- _Task instructions_
Your copy of the data should match it exactly, except that the pictures are gone.

- _Material provided_
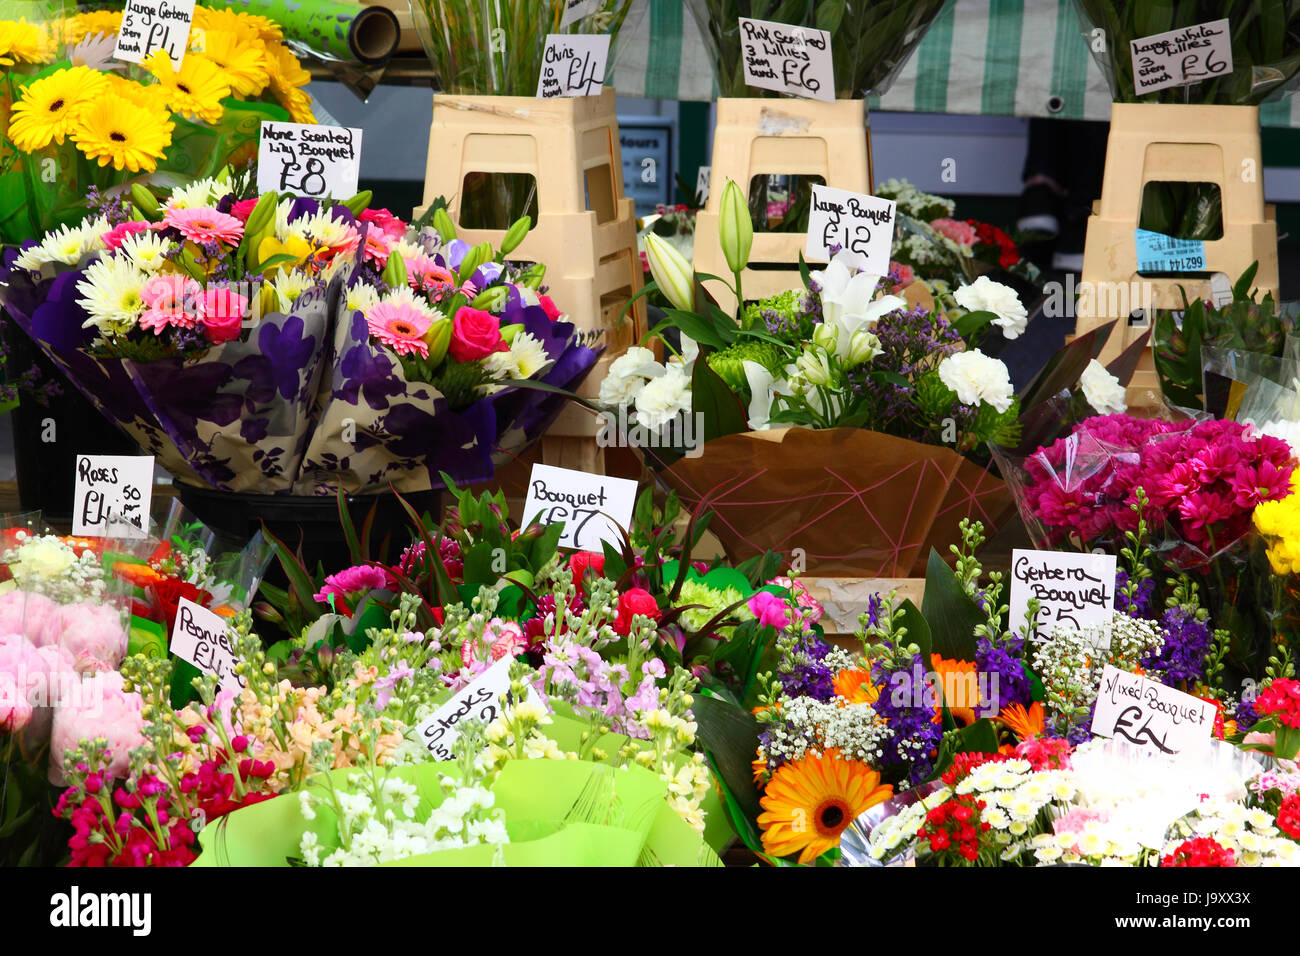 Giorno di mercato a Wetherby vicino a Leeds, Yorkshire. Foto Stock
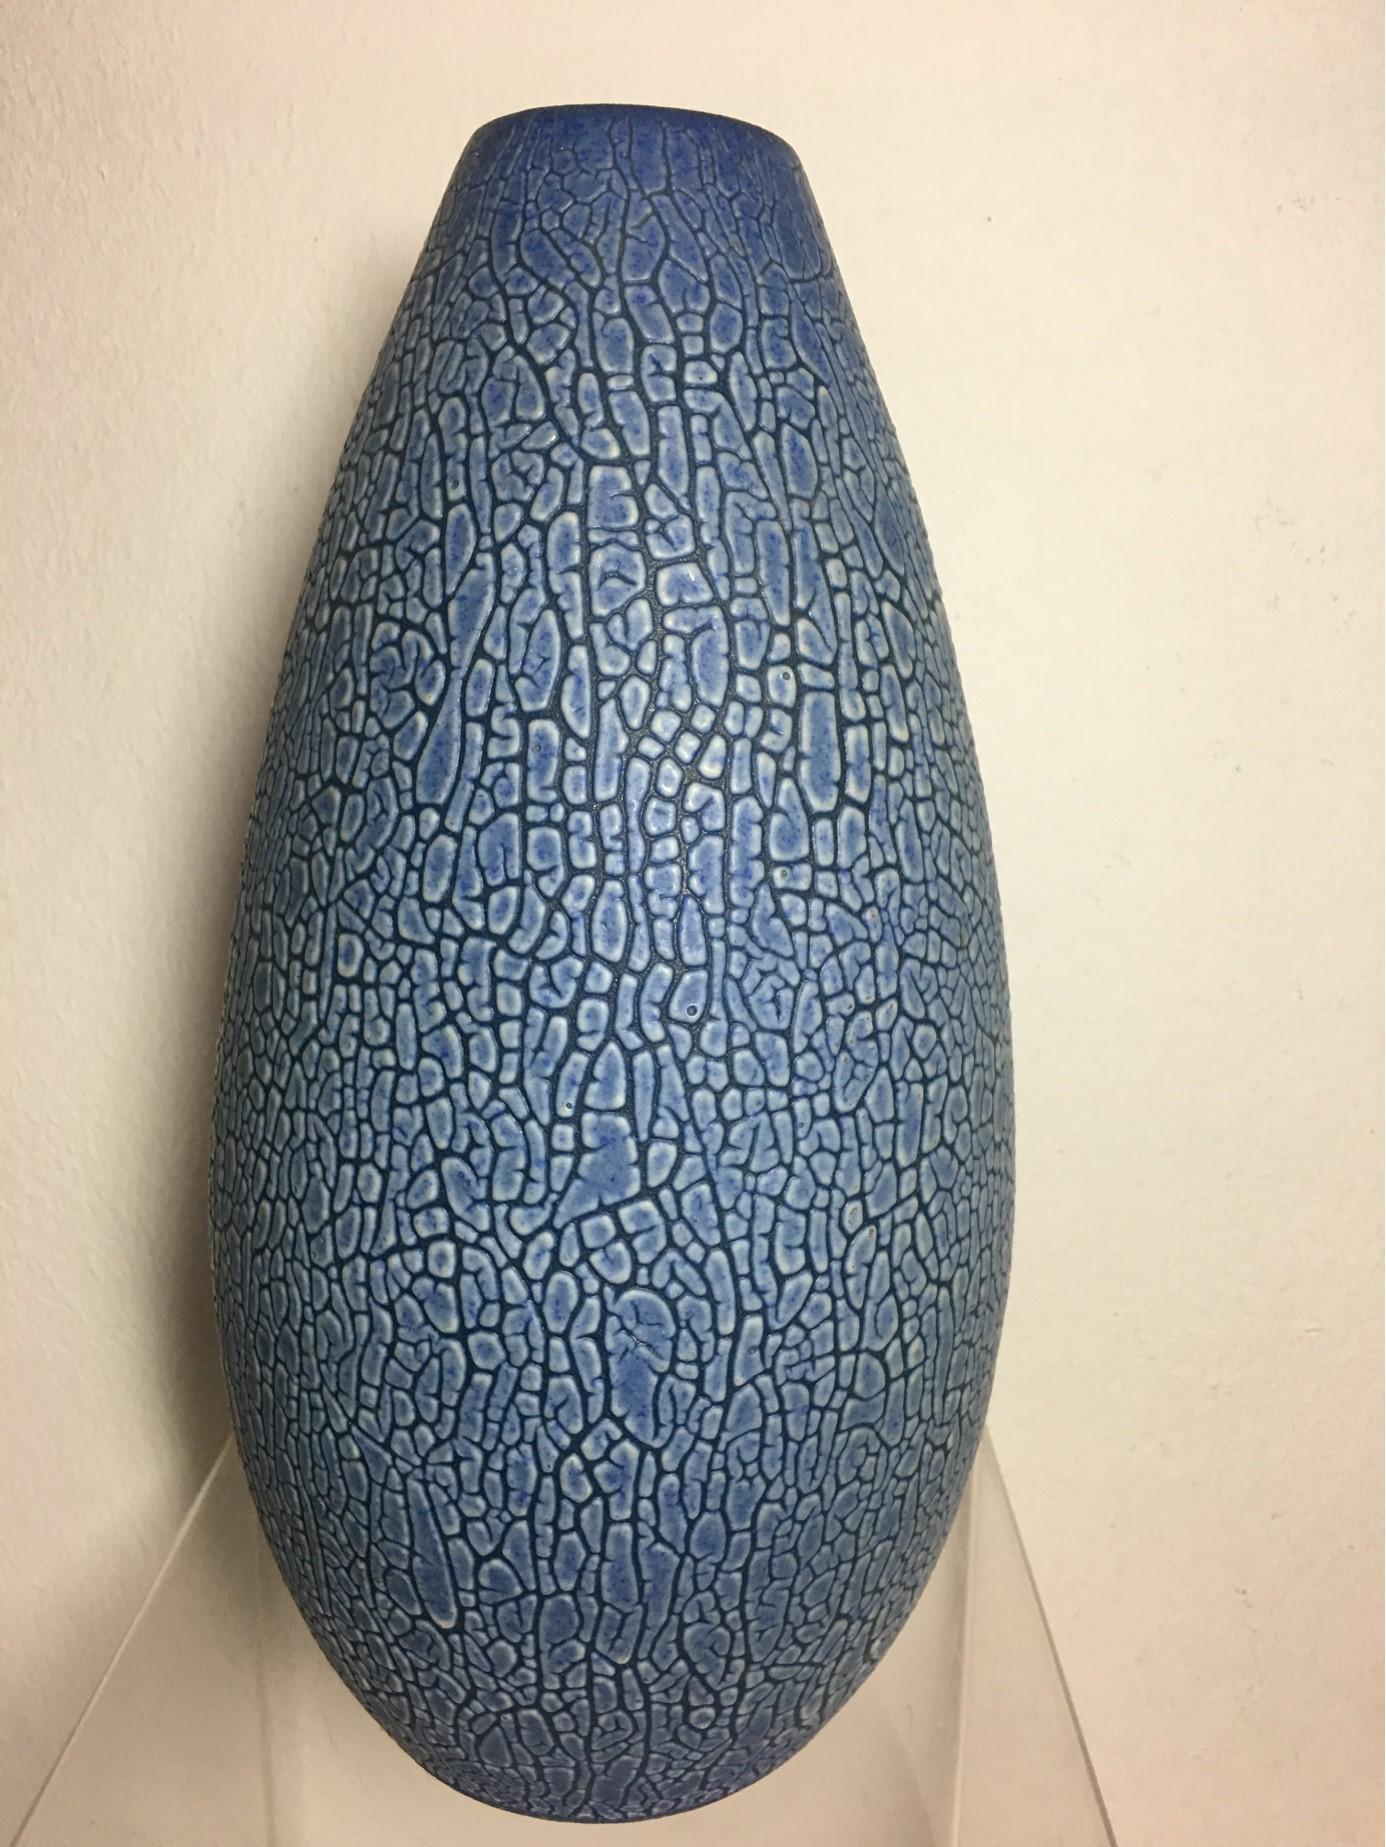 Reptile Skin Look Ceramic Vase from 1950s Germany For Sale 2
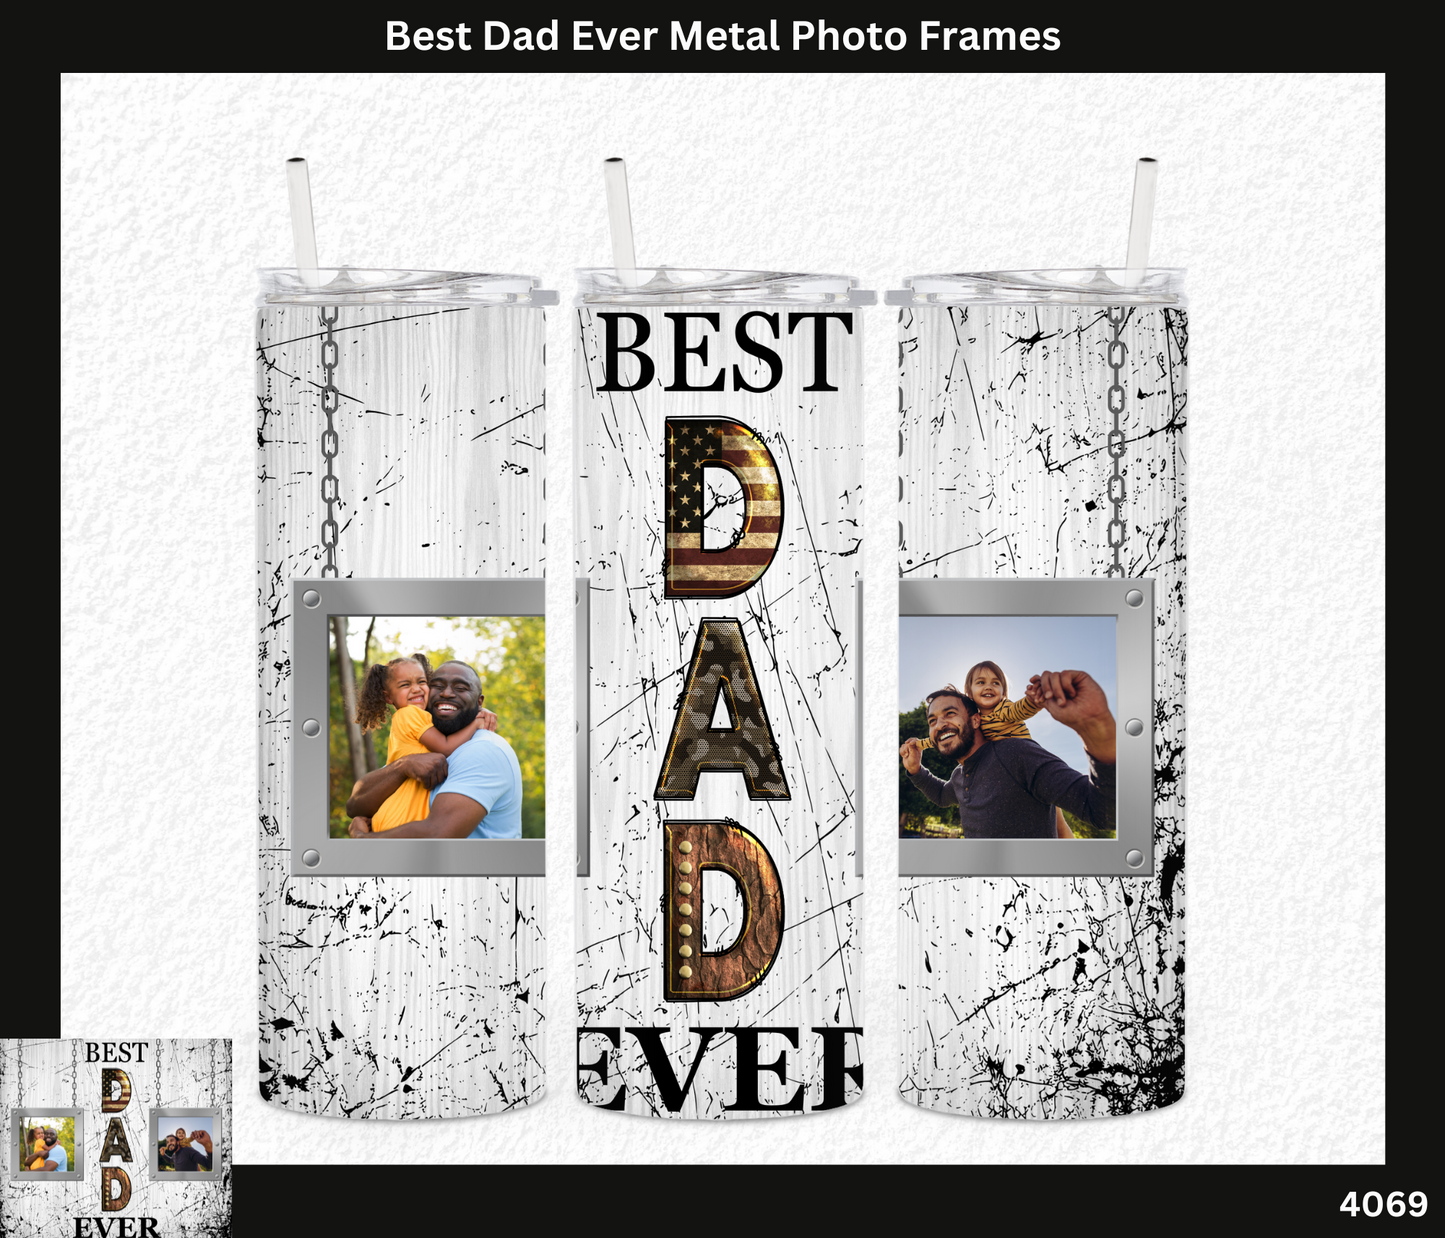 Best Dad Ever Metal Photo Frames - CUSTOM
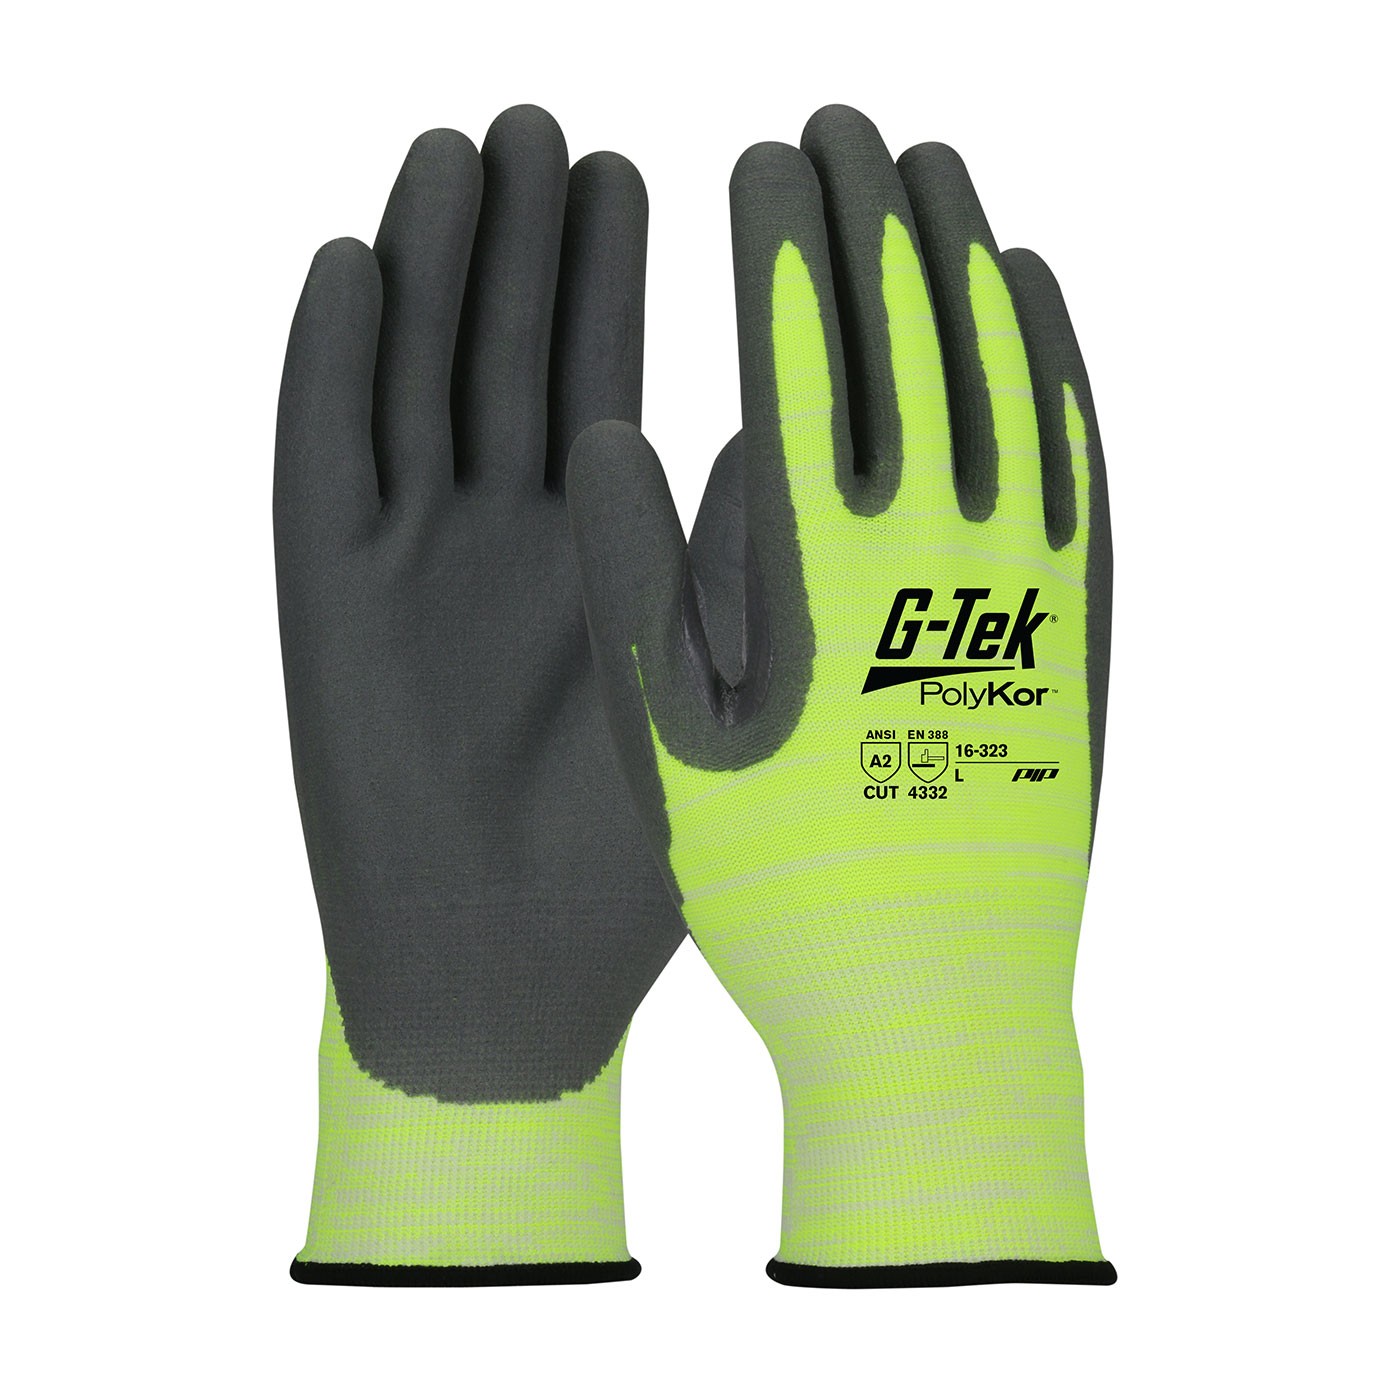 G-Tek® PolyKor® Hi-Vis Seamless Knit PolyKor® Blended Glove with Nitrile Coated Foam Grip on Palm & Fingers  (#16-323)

- _Solution to this exercise_
 Giorno di mercato a Wetherby vicino a Leeds, Yorkshire. Foto Stock
 Reptile Skin Look Ceramic Vase from 1950s Germany For Sale 2
 Best Dad Ever Metal Photo Frames - CUSTOM
 G-Tek® PolyKor® Hi-Vis Seamless Knit PolyKor® Blended Glove with Nitrile Coated Foam Grip on Palm & Fingers  (#16-323)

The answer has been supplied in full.